Before every lesson I always feel that I should have my pieces at a performance level?
Bernadette, we crossed paths recently in another thread, and to some extent we've had some similar history. At the end of my first stint, going into the second with my present teacher (and switching to piano) I looked deeply into what lessons are actually about. You have a misperception, and it is probably at least in part due to your past experiences.
Lessons are (in my view) for the purpose of acquiring skills. With any teacher I engage, I want to make sure that we are both clear on that point. There are even teachers who would like to focus on skills, but are afraid to do so fully, because their students may not have that concept. A lesser form of lessons focuses on pieces, and you might have a teacher where every week you "perform" for the teacher - she says "X could sound better - listen to me play it. In Y you keep missing the F# /you're not bringing the dynamics [but I won't ever think I should teach you how]." etc. And so we get the idea that we're performing for the teacher.
With a decent teacher / the kind I like to work with - the skills are the project, my growth is the project, the piece is not the project. There is almost a delight in finding weaknesses, because this tells the teacher "Here's what we need to tackle next." That also becomes your project as a student and you practise. You are not performing; you're cooperating on this project. It is a totally different mindset.
That said (and this goes with (I think Bob's?) - answer to another question of yours. Say a teacher wants you to get a handle on playing dynamics differently in the RH than the left, for voicing. The teacher gives you a specific way of practising this. Then the teacher wants to see signs that you practised the thing he focused on with you, in the manner that he showed you. Say he wants you to play one hand loud, one hand soft, beat by beat, gradually bringing the timing together (I was given this some years ago), then when he hears you play the next time, he will hear whether you did that. It also tells him whether his idea worked with you. If you come in playing "beautifully", trying to show him the wonderful performance you cobbled together, but you did not try what he told you to try, he will be disappointed.

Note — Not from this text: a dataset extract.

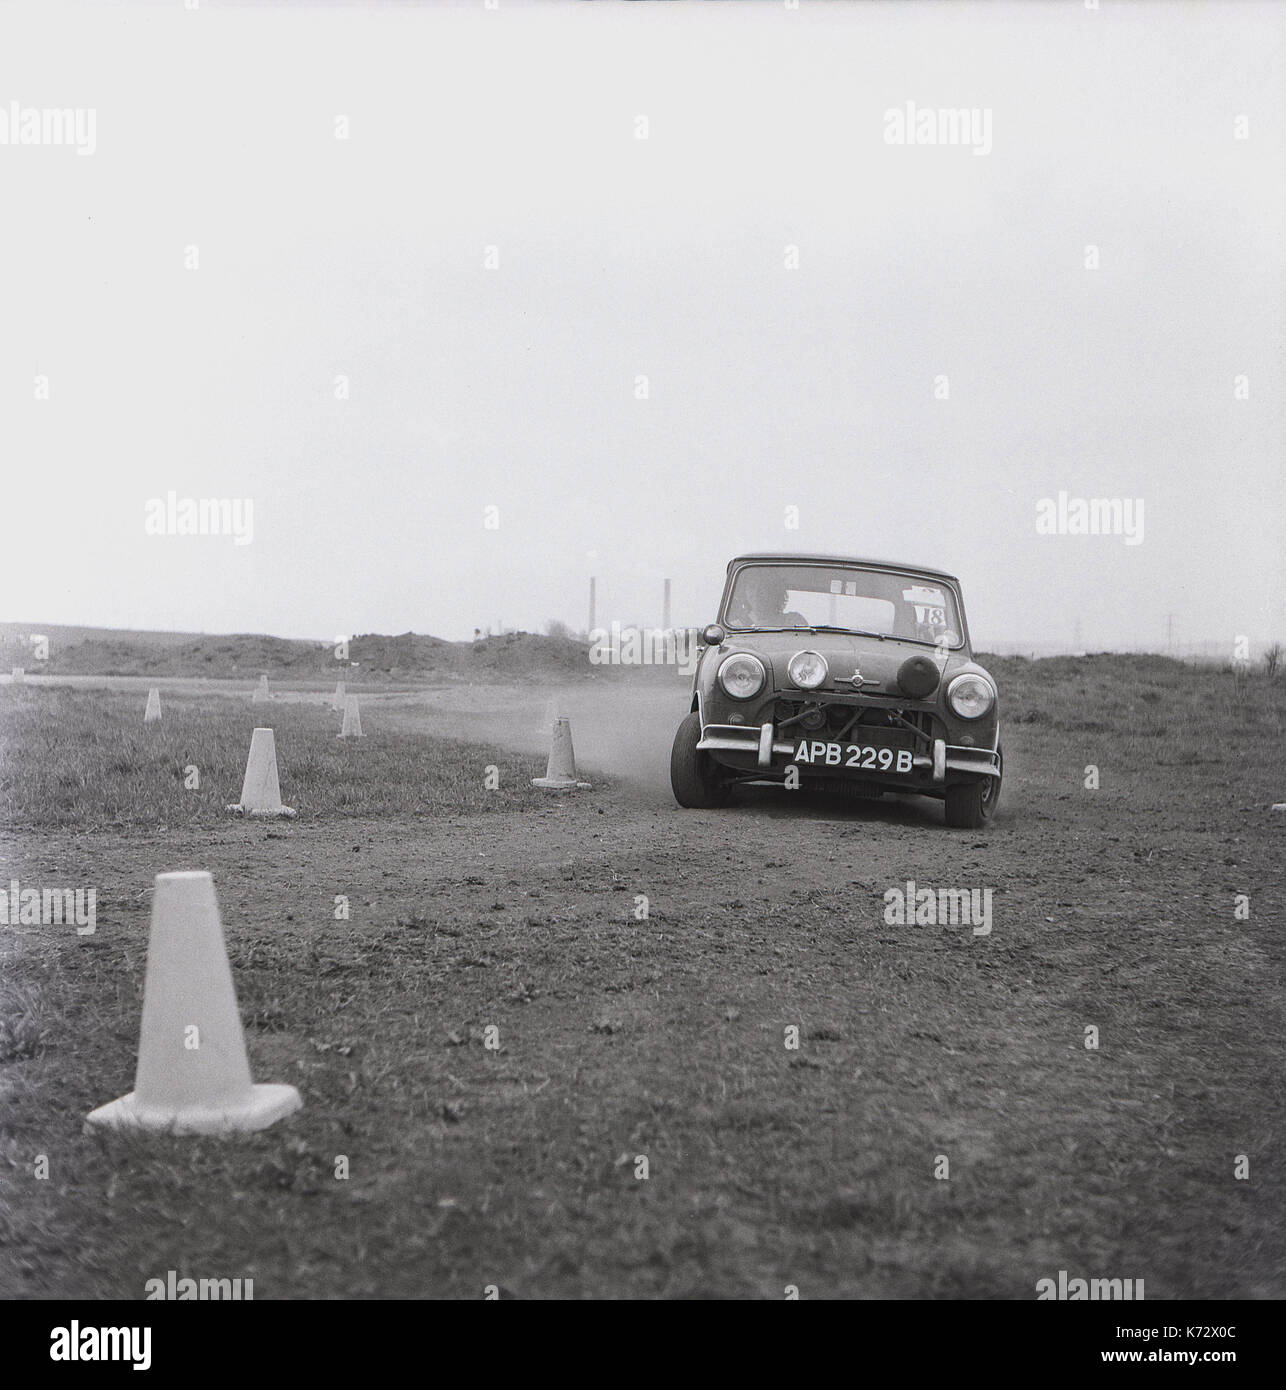 1970s, historical, a specially modified works mini taking a corner at speed while racing on a gravel test track with cones marking the course, England. Stock Photo

As dogperson said, your teacher may also want to know about problems you are having. This one is tricky, because:
a) the teacher may want to hear you play, for him to recognize problems
b) the problem you are having may be due to something different than you think. As an example, some difficulties I had with my hands "kinking" were due to where I was sitting, and where I balanced my gravity. Had I insisted on fixing the hands, rather than letting my teacher tell me, "Do this. Now do that." while observing, it would not have worked well.
All of this to say that "performing well", or playing a piece as perfectly as possible, isn't actually in there for the kind of teacher I like working with. (Does any of this make sense?)